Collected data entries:
*-*-*

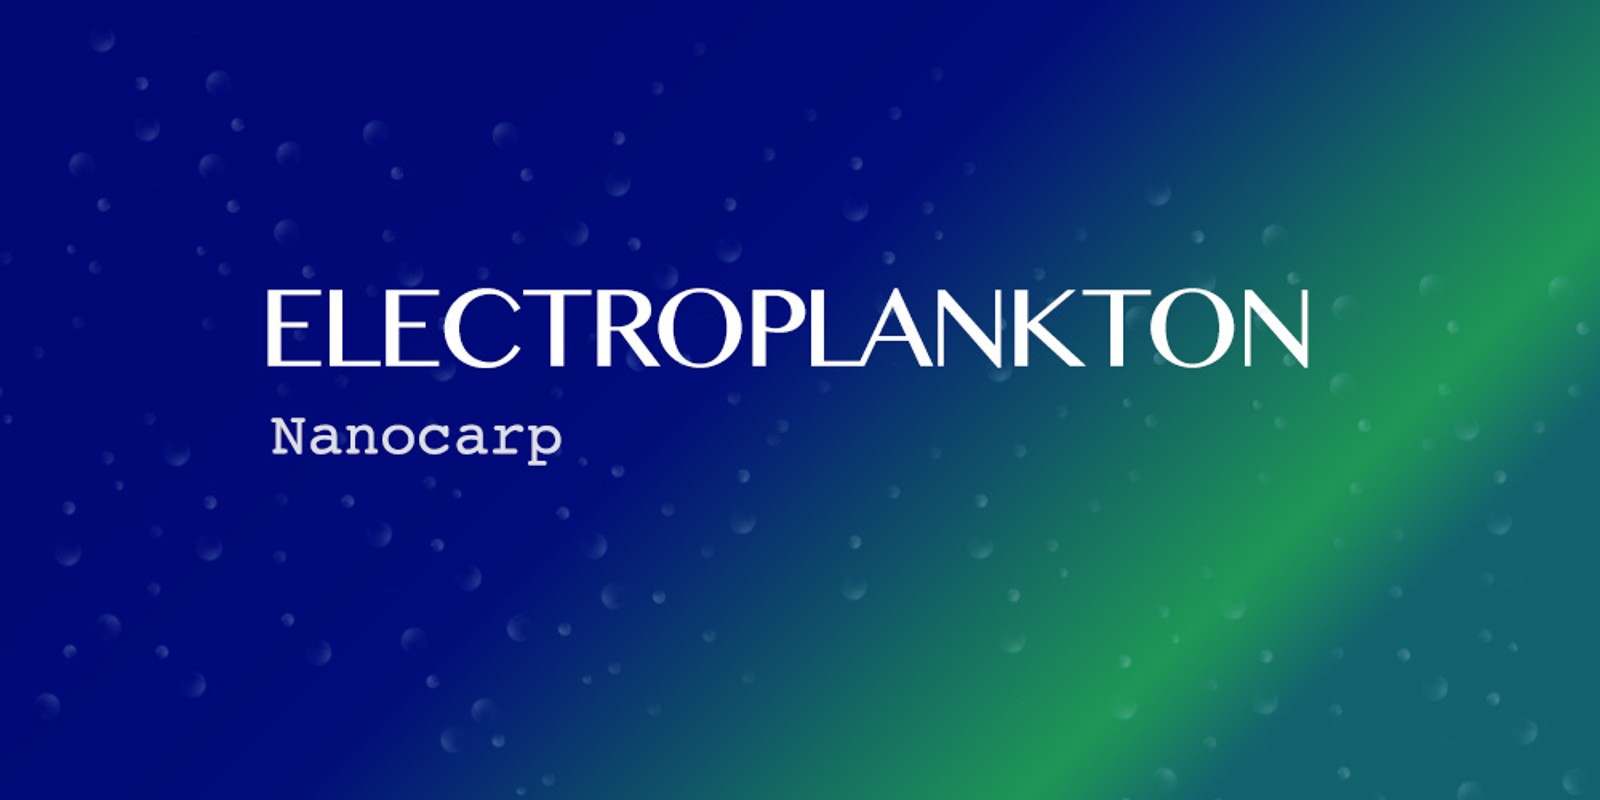 Electroplankton™ Nanocarp
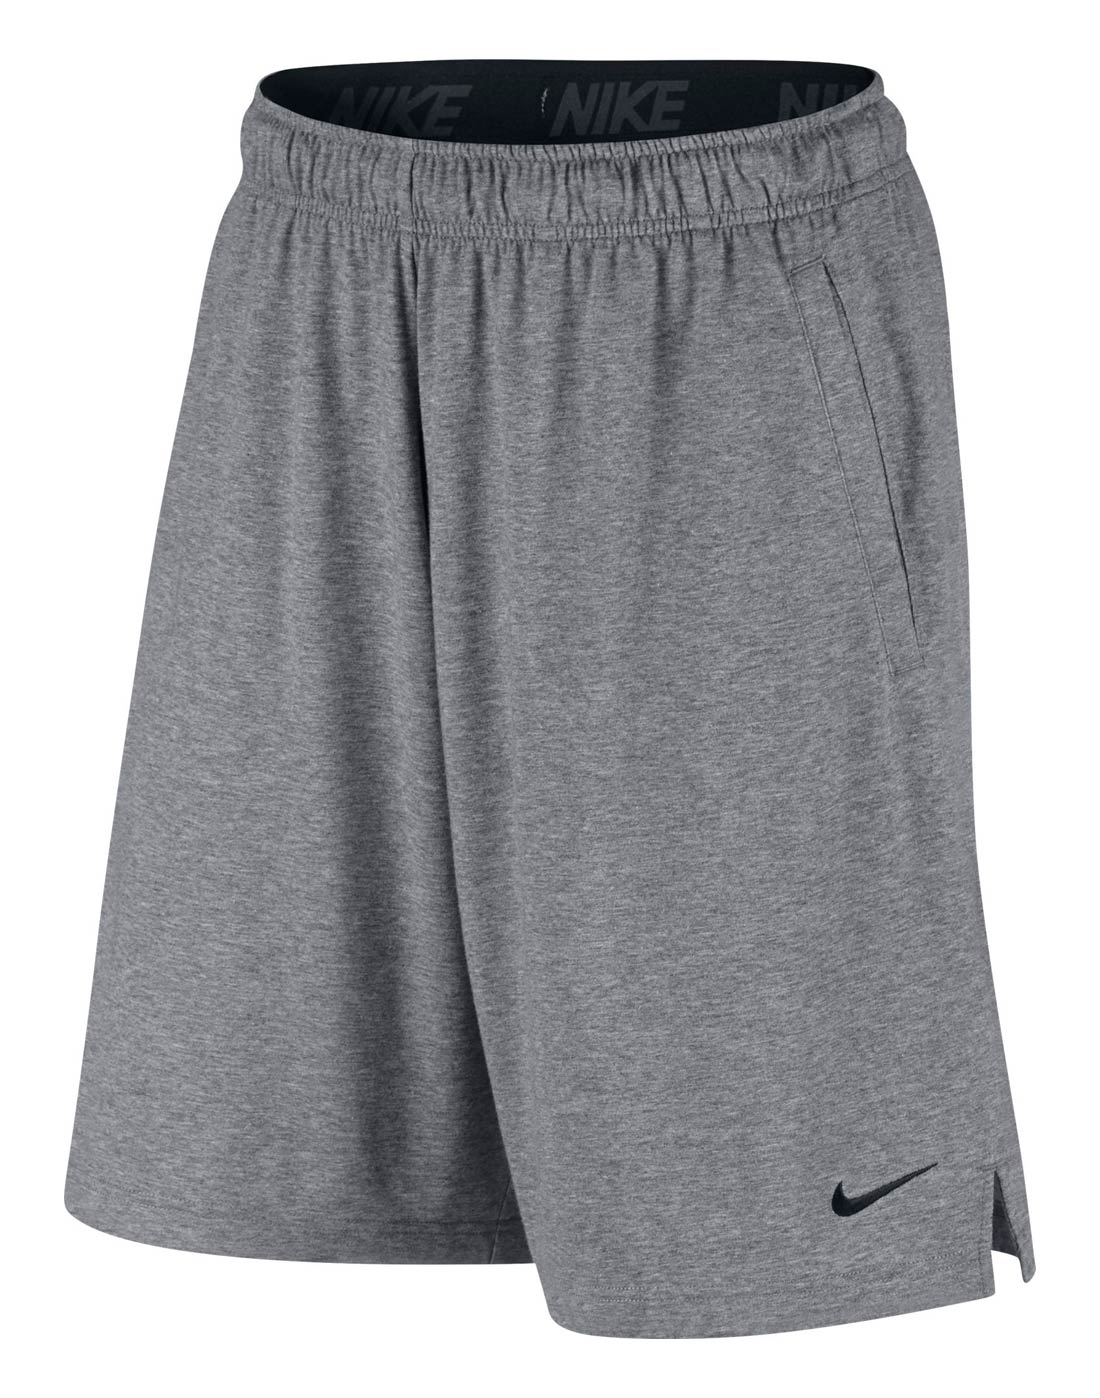 Nike Mens Dri-Fit Cotton Short - Grey | Life Style Sports UK
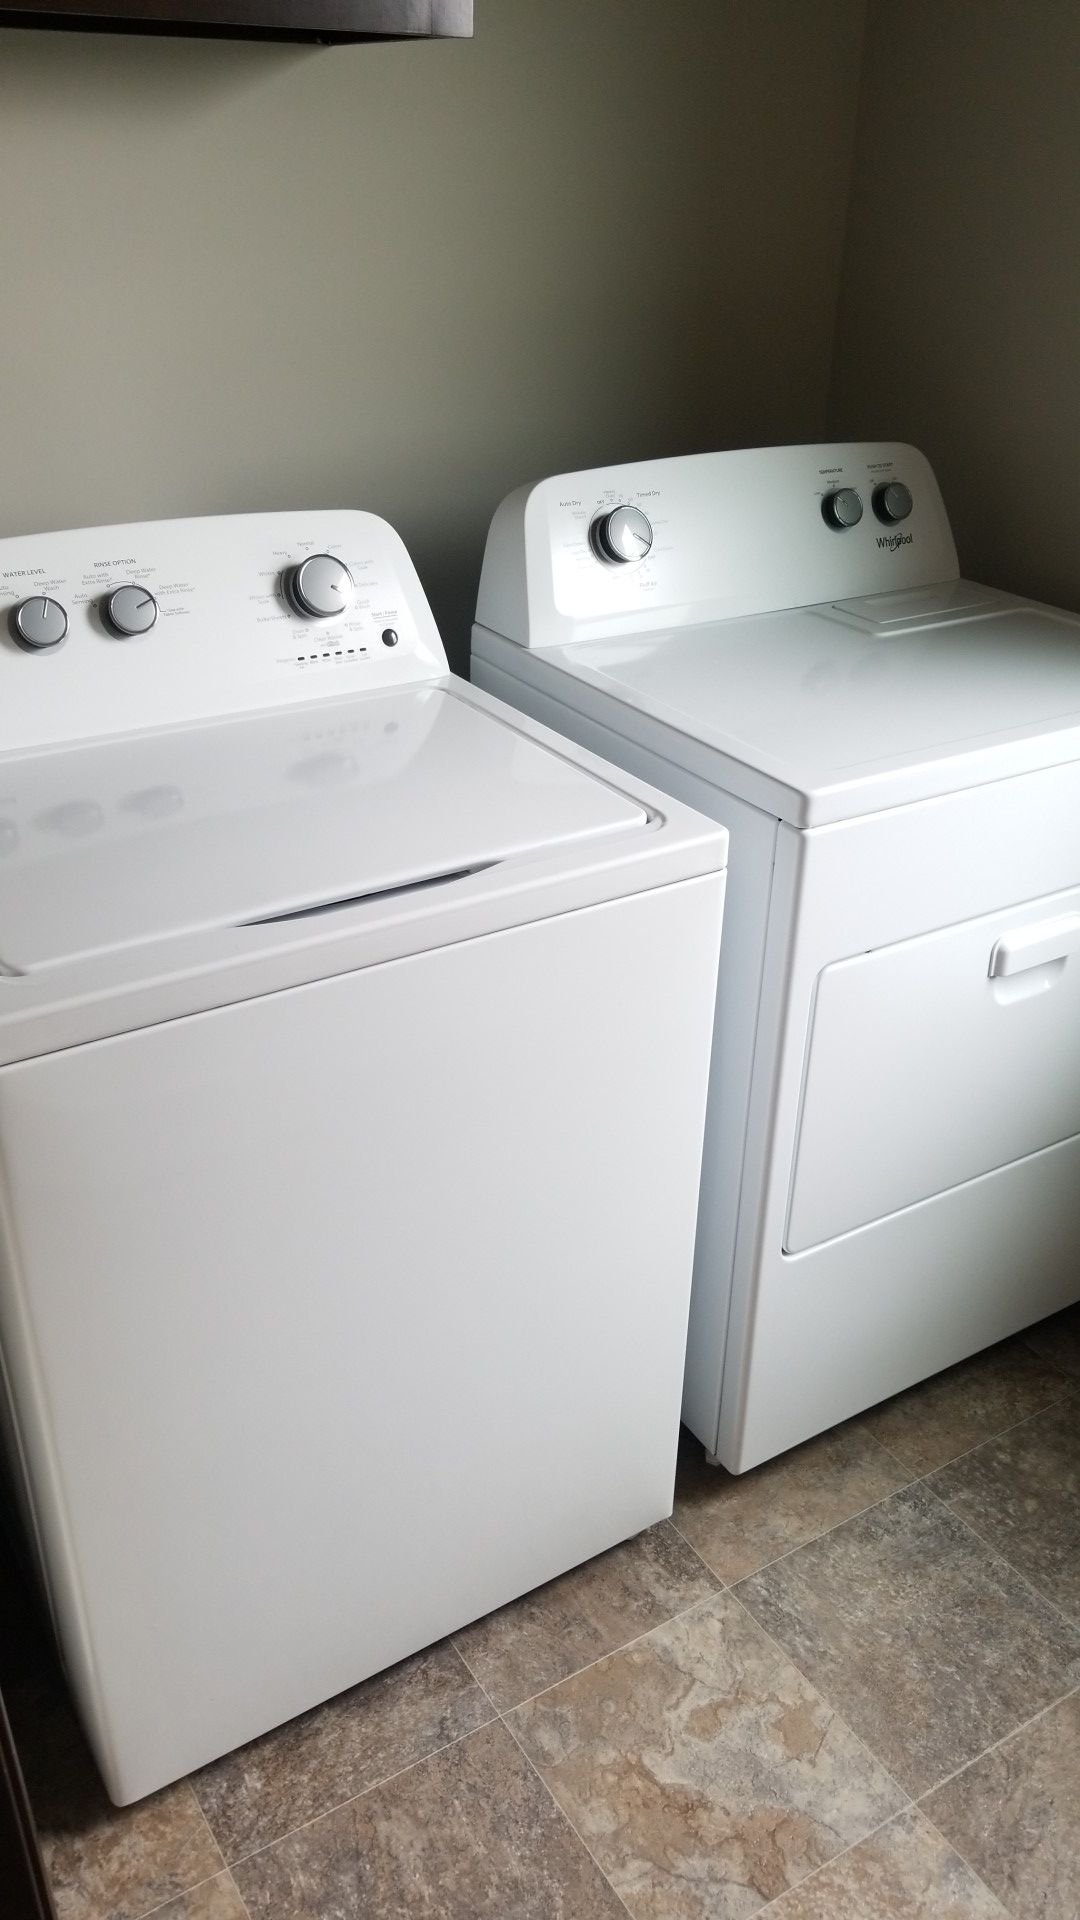 2018 Whirlpool Washer & Dryer
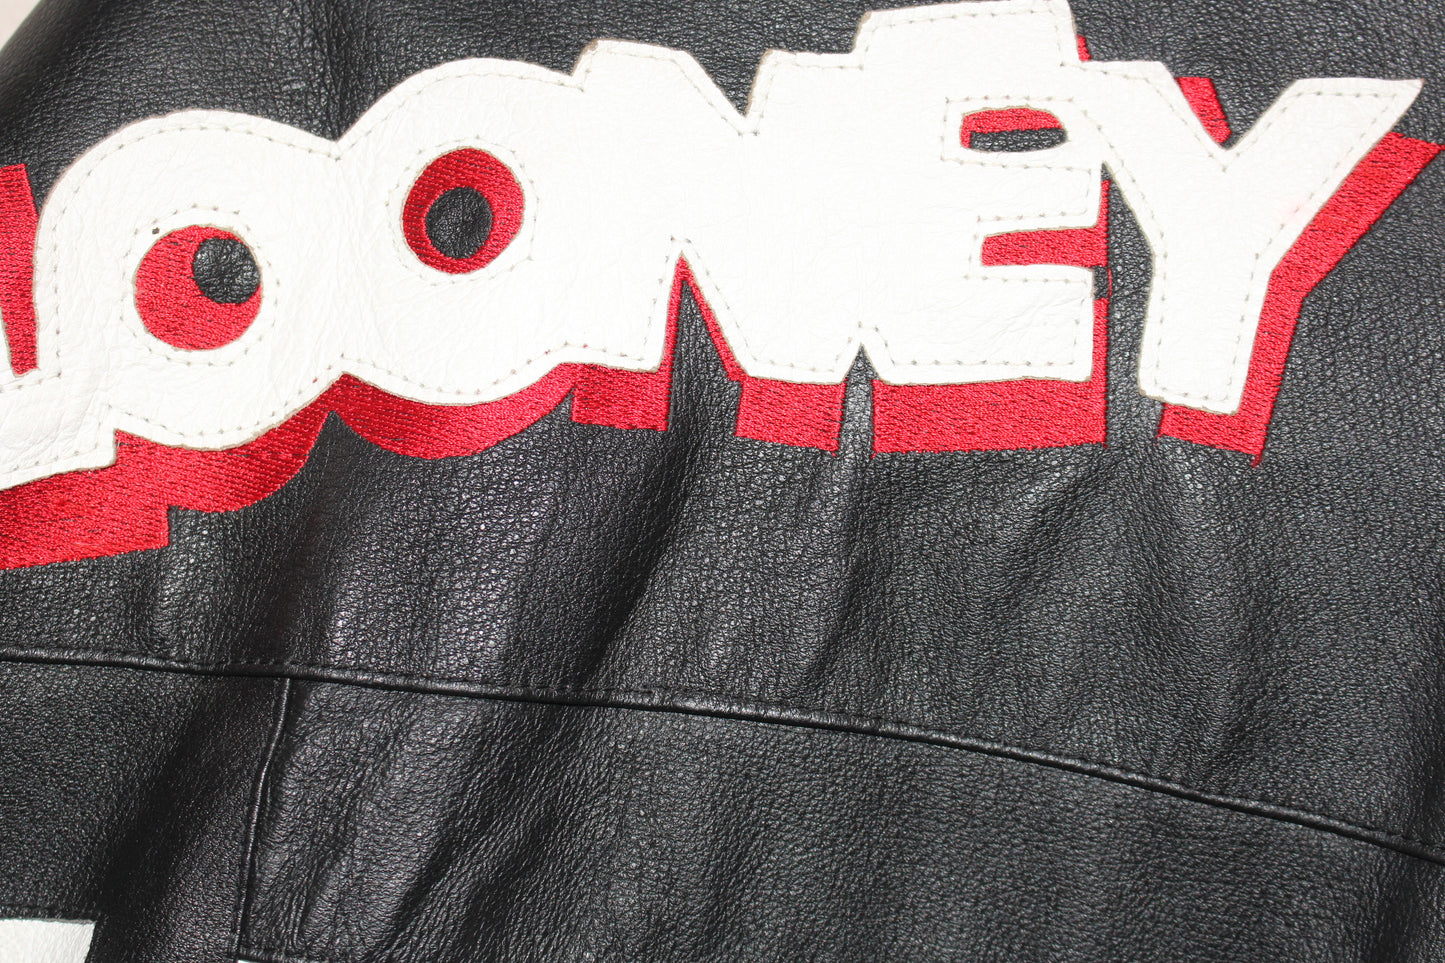 Rare Looney Tunes 1997 Leather Jacket (L)
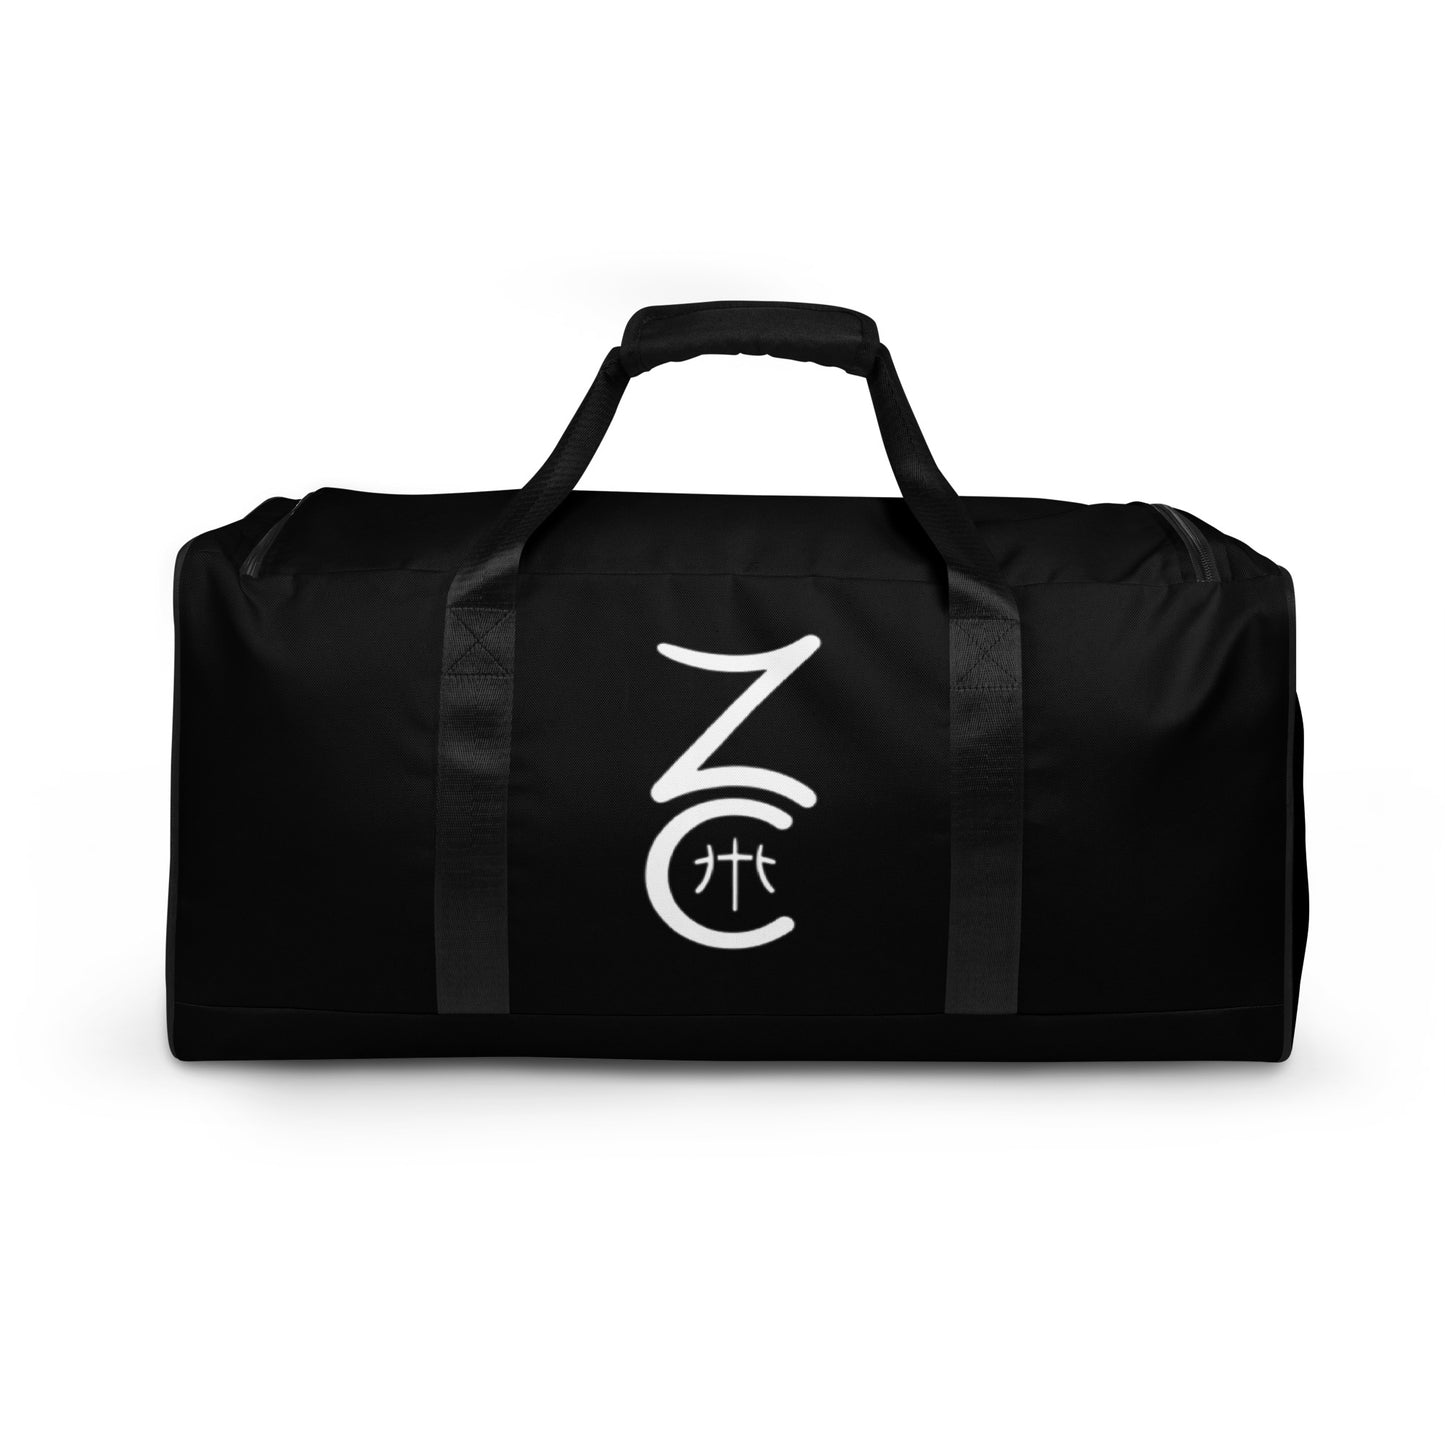 ZC Duffle bag

*-*-*

Instructions to follow ▸
Each line from the one containing "2018 Whirlpool Washer & Dryer" through the last line of the data should be written out exactly. Skip the pictures, and add no other lines.

Completed task ▸
 2018 Whirlpool Washer & Dryer
 Rare Looney Tunes 1997 Leather Jacket (L)
 ZC Duffle bag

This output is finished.